Data provided =

↓↓↓

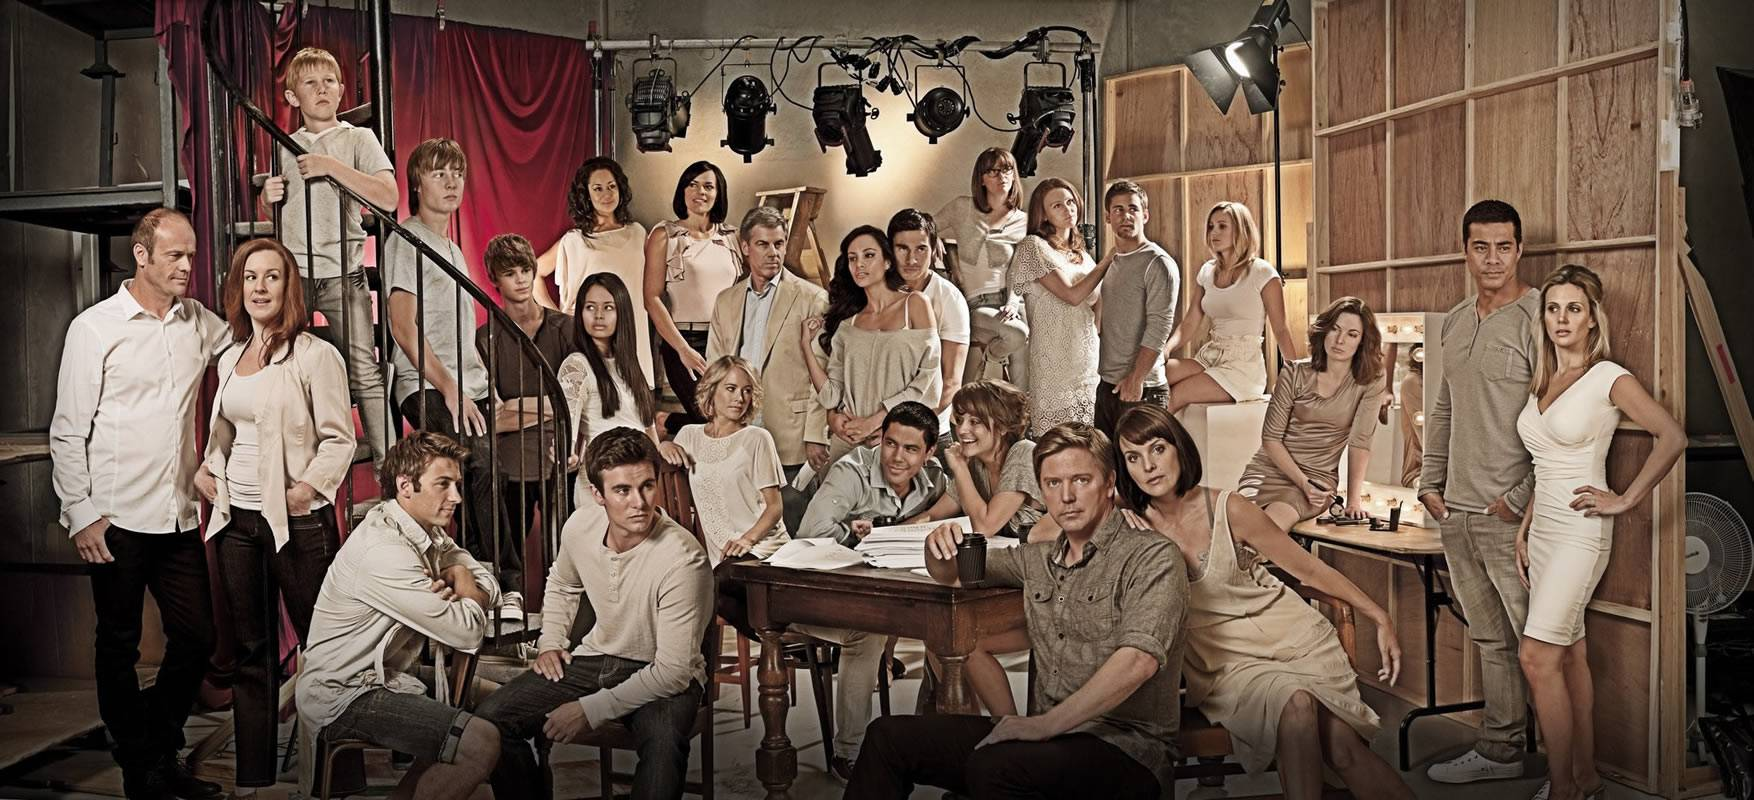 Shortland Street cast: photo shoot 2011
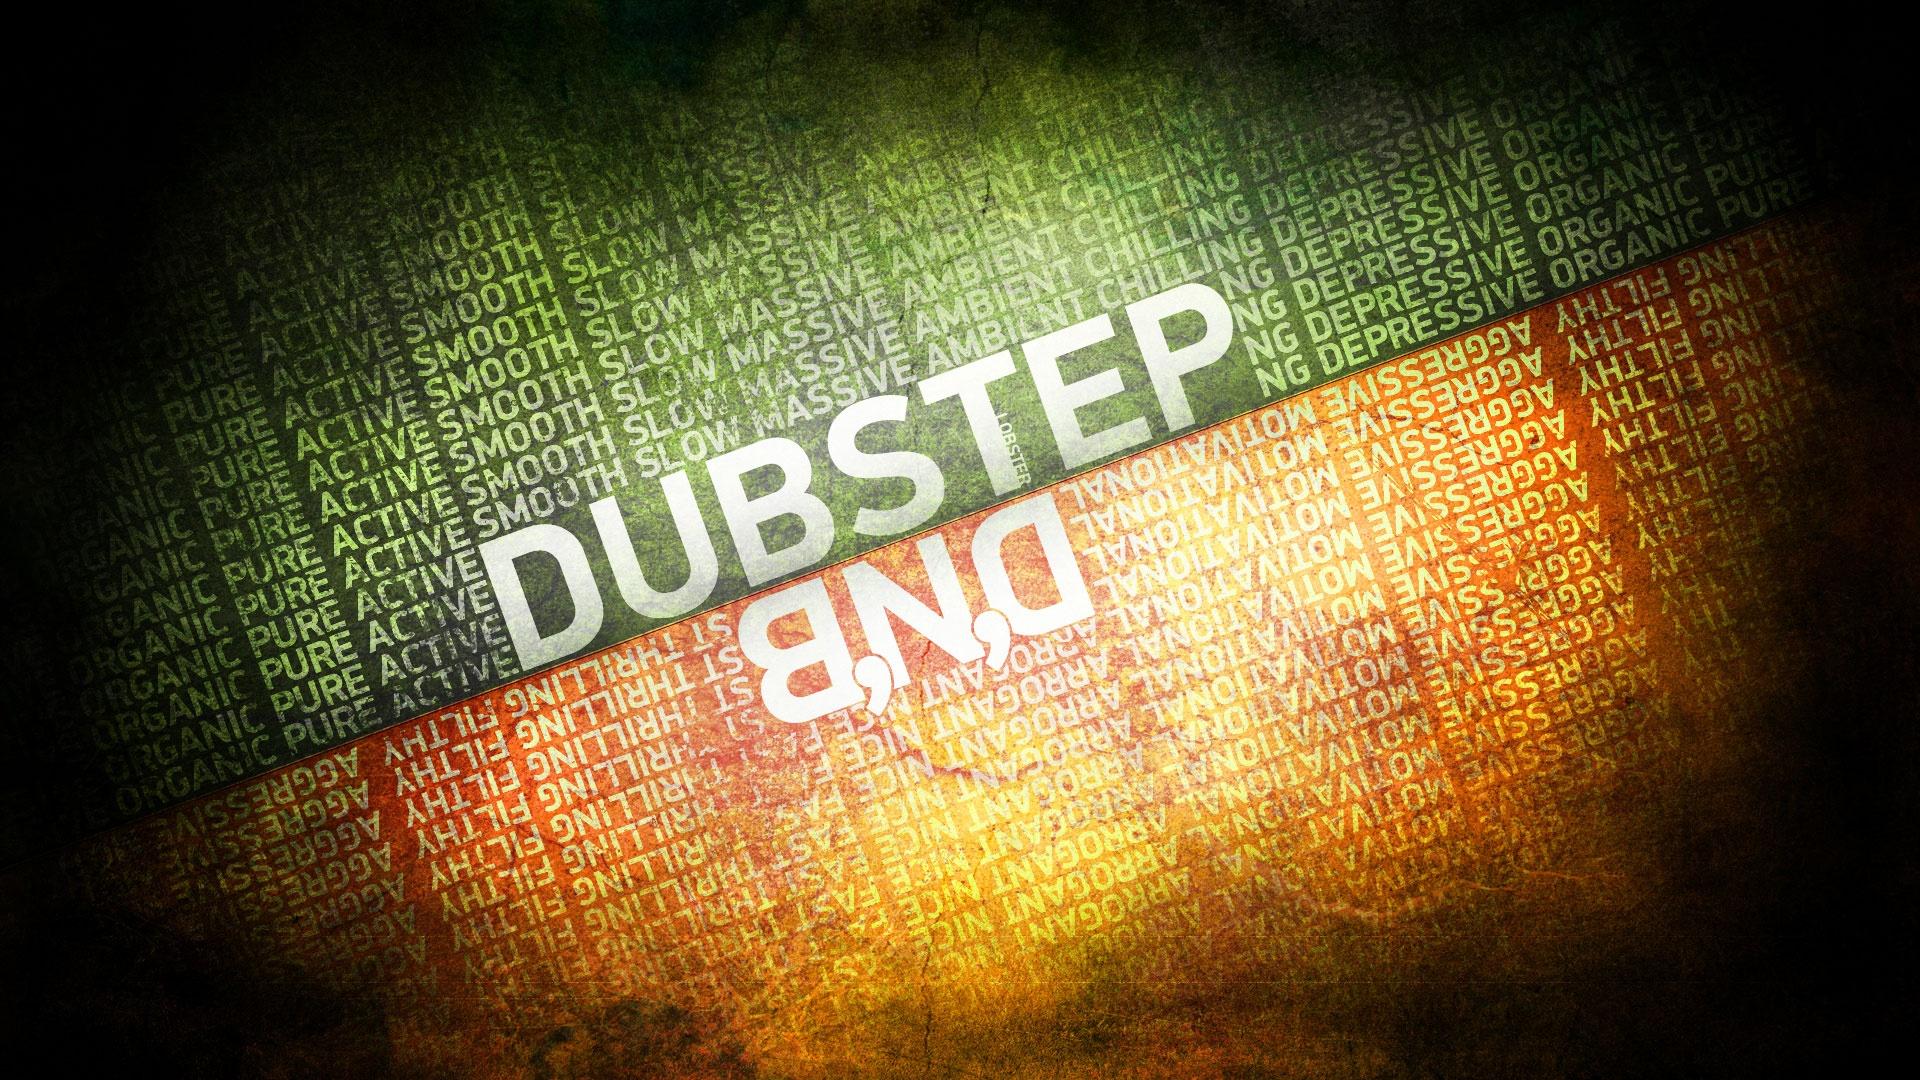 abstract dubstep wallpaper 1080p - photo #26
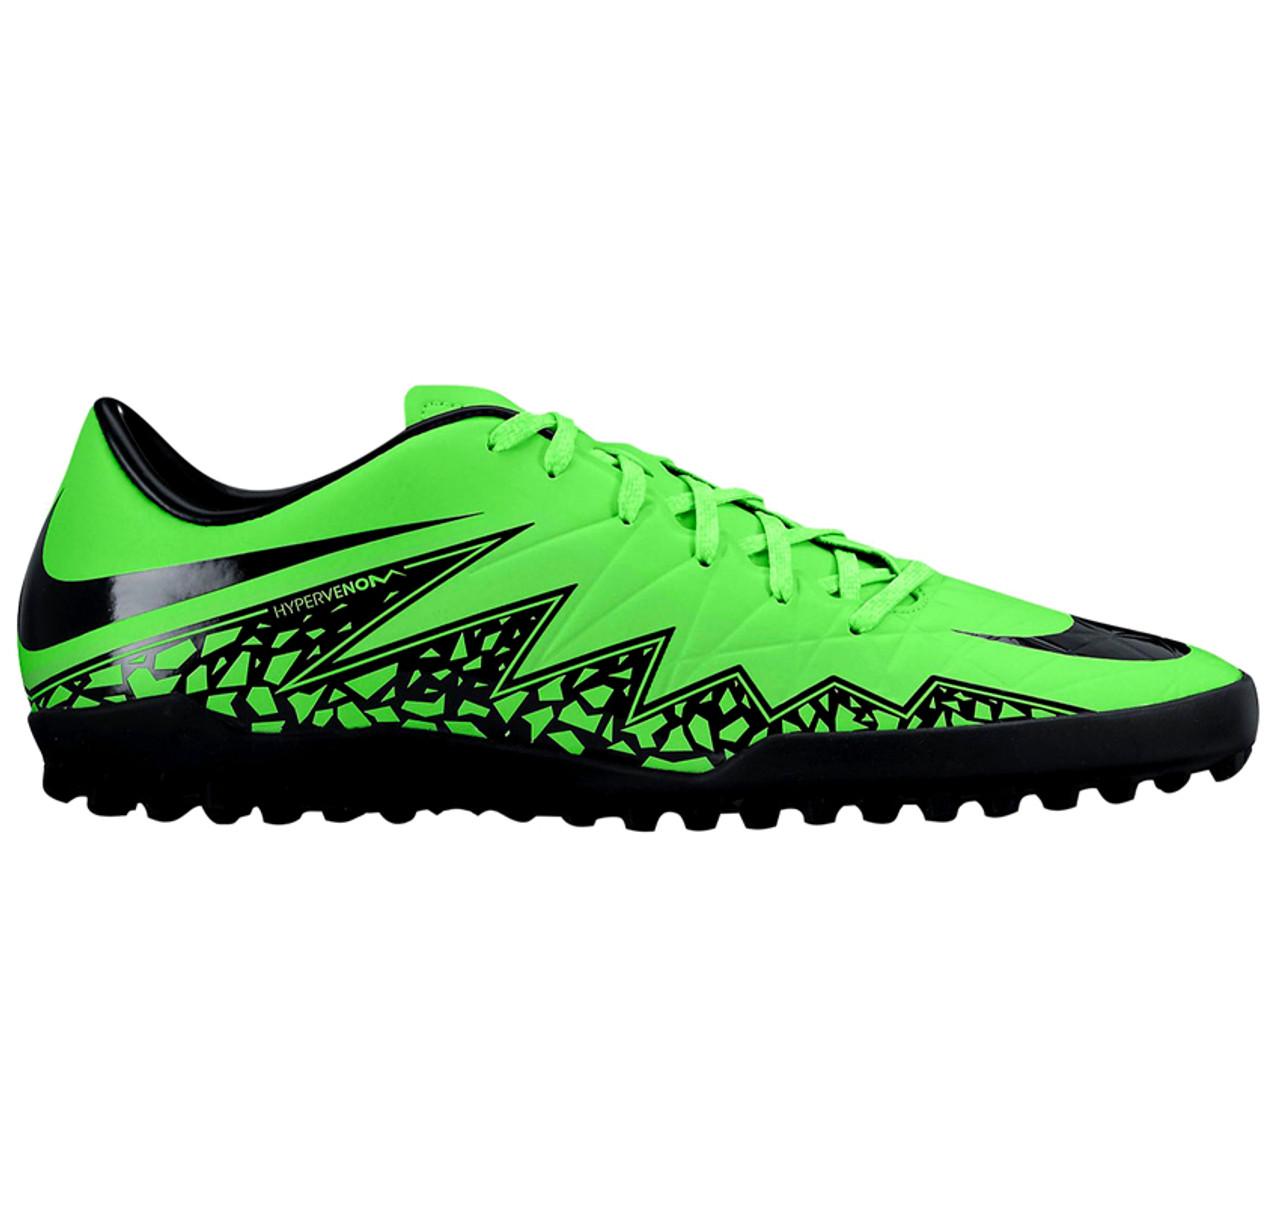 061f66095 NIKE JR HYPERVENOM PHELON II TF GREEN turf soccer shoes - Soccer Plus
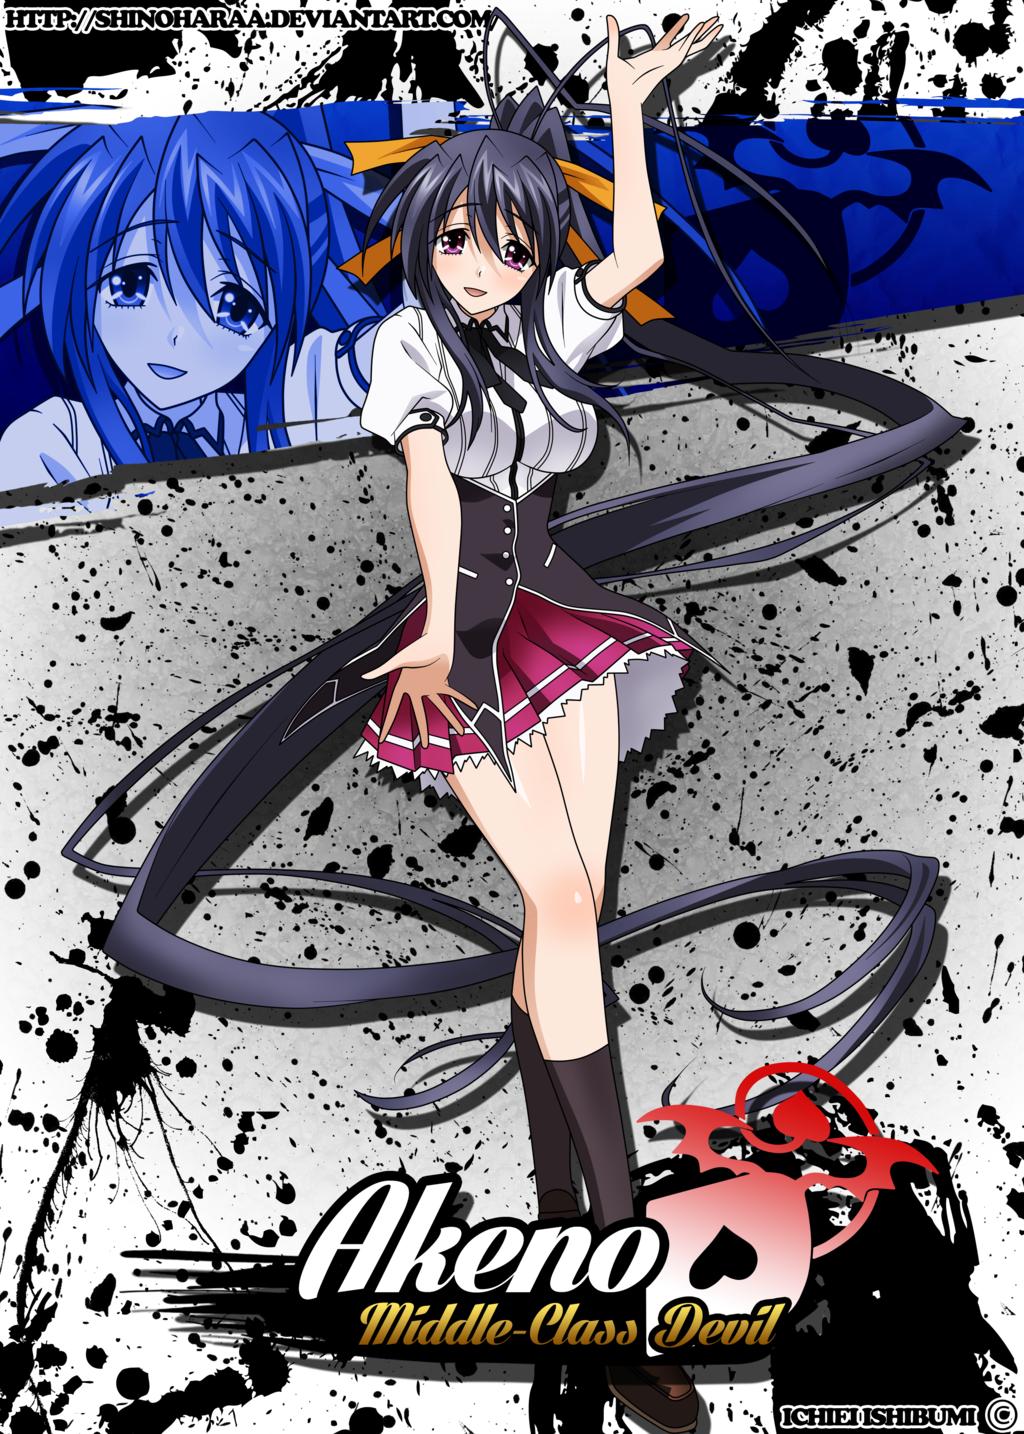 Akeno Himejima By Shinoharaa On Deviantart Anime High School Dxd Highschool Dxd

↑↑↑

How to complete this task = Inclusive range, exact copy: the line containing "abstract dubstep wallpaper 1080p - photo #26" through the last line of the listing. Print nothing else, and no pictures.

Response to the task =
 abstract dubstep wallpaper 1080p - photo #26
 061f66095 NIKE JR HYPERVENOM PHELON II TF GREEN turf soccer shoes - Soccer Plus
 Akeno Himejima By Shinoharaa On Deviantart Anime High School Dxd Highschool Dxd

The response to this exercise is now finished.